_RECORD EXCERPTS_
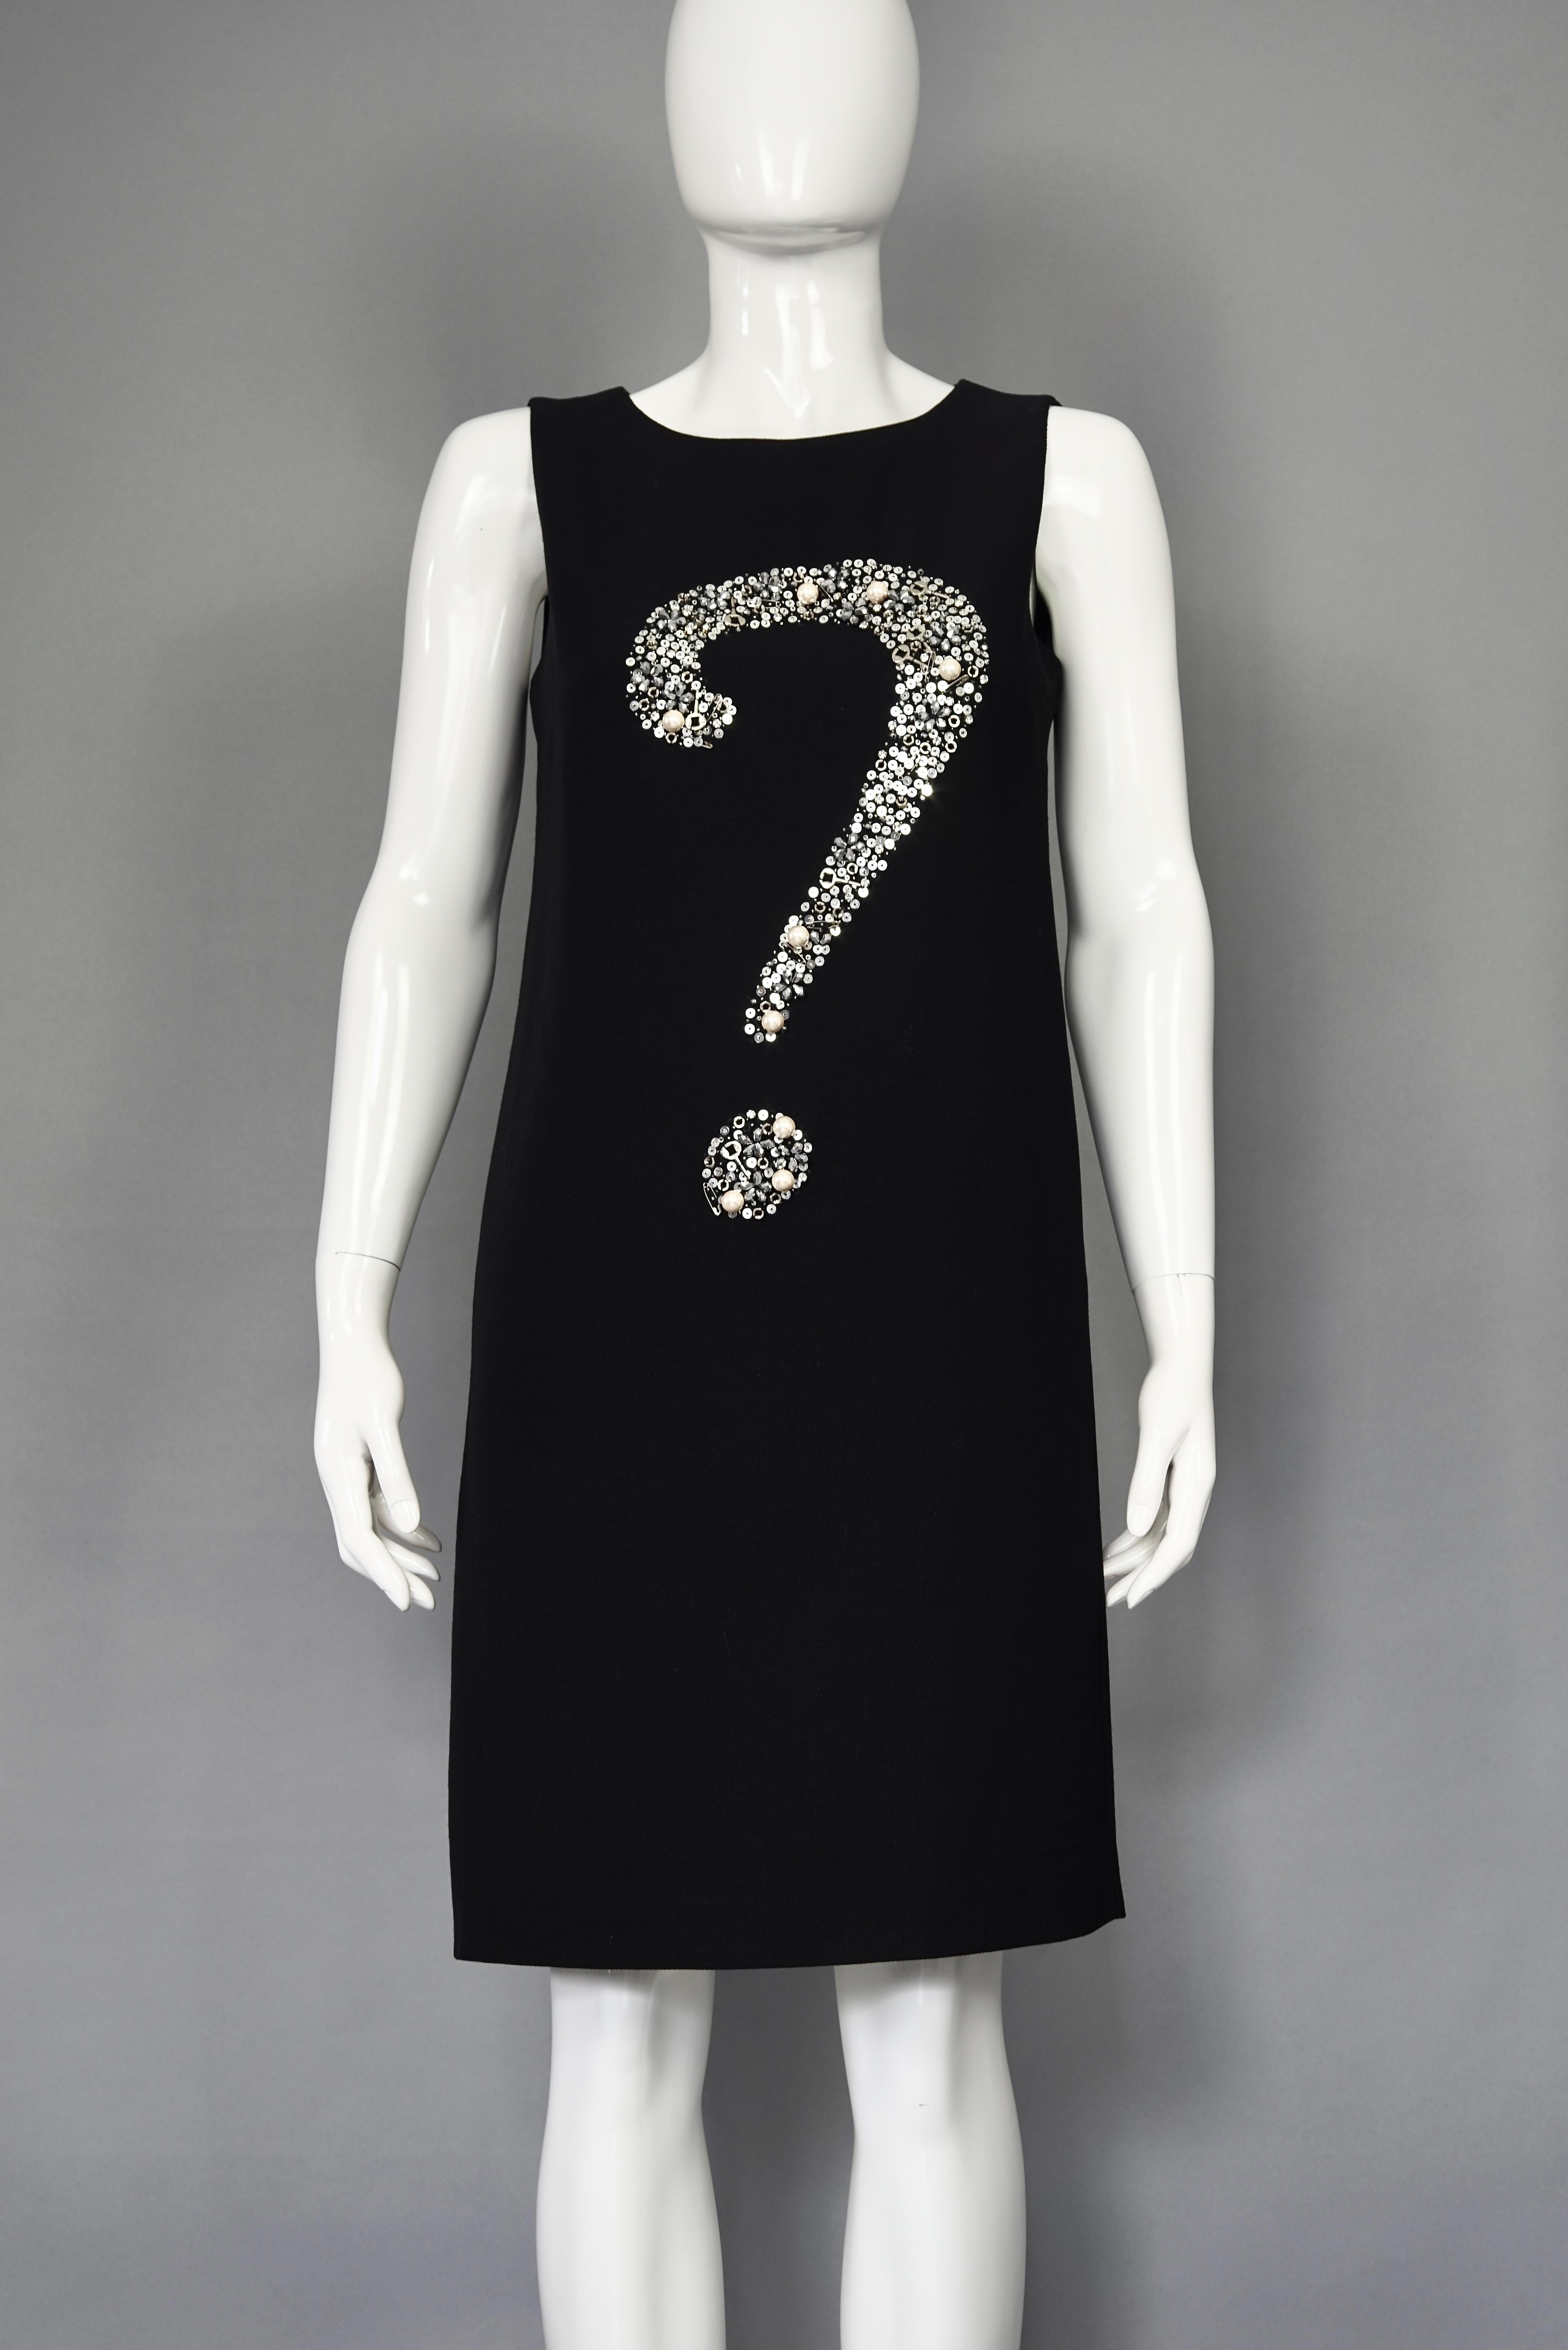 Iconic MOSCHINO Question Mark Embellished Dress

Measurements taken laid flat, please double bust, waist and hips:
Shoulder: 13.38 inches (34 cm)
Bust: 18.11 inches (46 cm)
Waist: 17.71 inches (45 cm)
Hips: 18.89 inches (48 cm)
Length: 36.61 inches
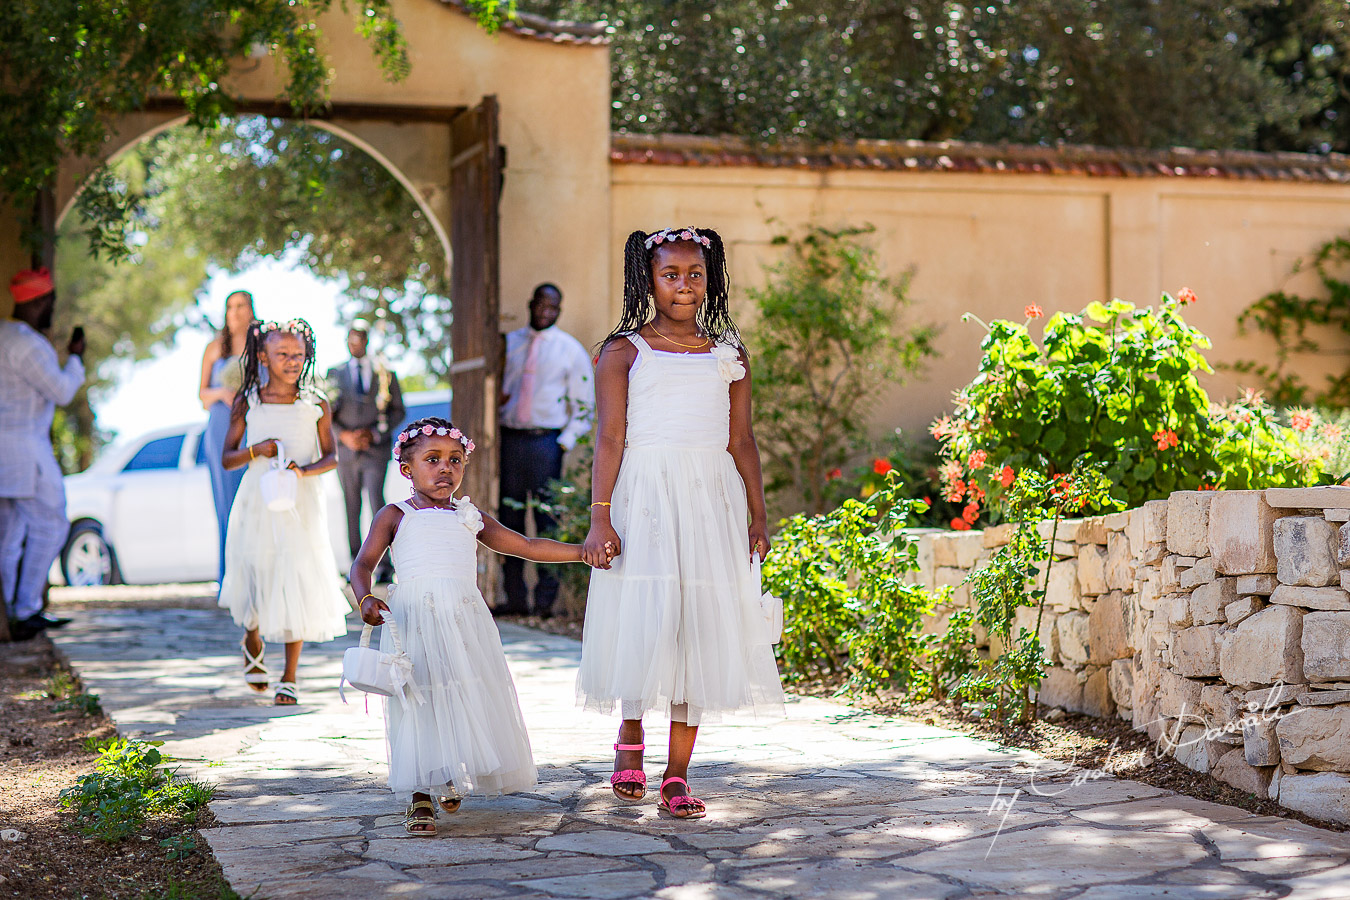 Moments with flower girls announcing the arrival of the bride captured a wedding at Minthis Hills in Cyprus, by Cristian Dascalu.

_DIRECTIONS FOR THIS TASK_
Pull out all lines in the data above that include "inches".

_SOLUTION FOR THIS PROBLEM_
Shoulder: 13.38 inches (34 cm)
Bust: 18.11 inches (46 cm)
Waist: 17.71 inches (45 cm)
Hips: 18.89 inches (48 cm)
Length: 36.61 inches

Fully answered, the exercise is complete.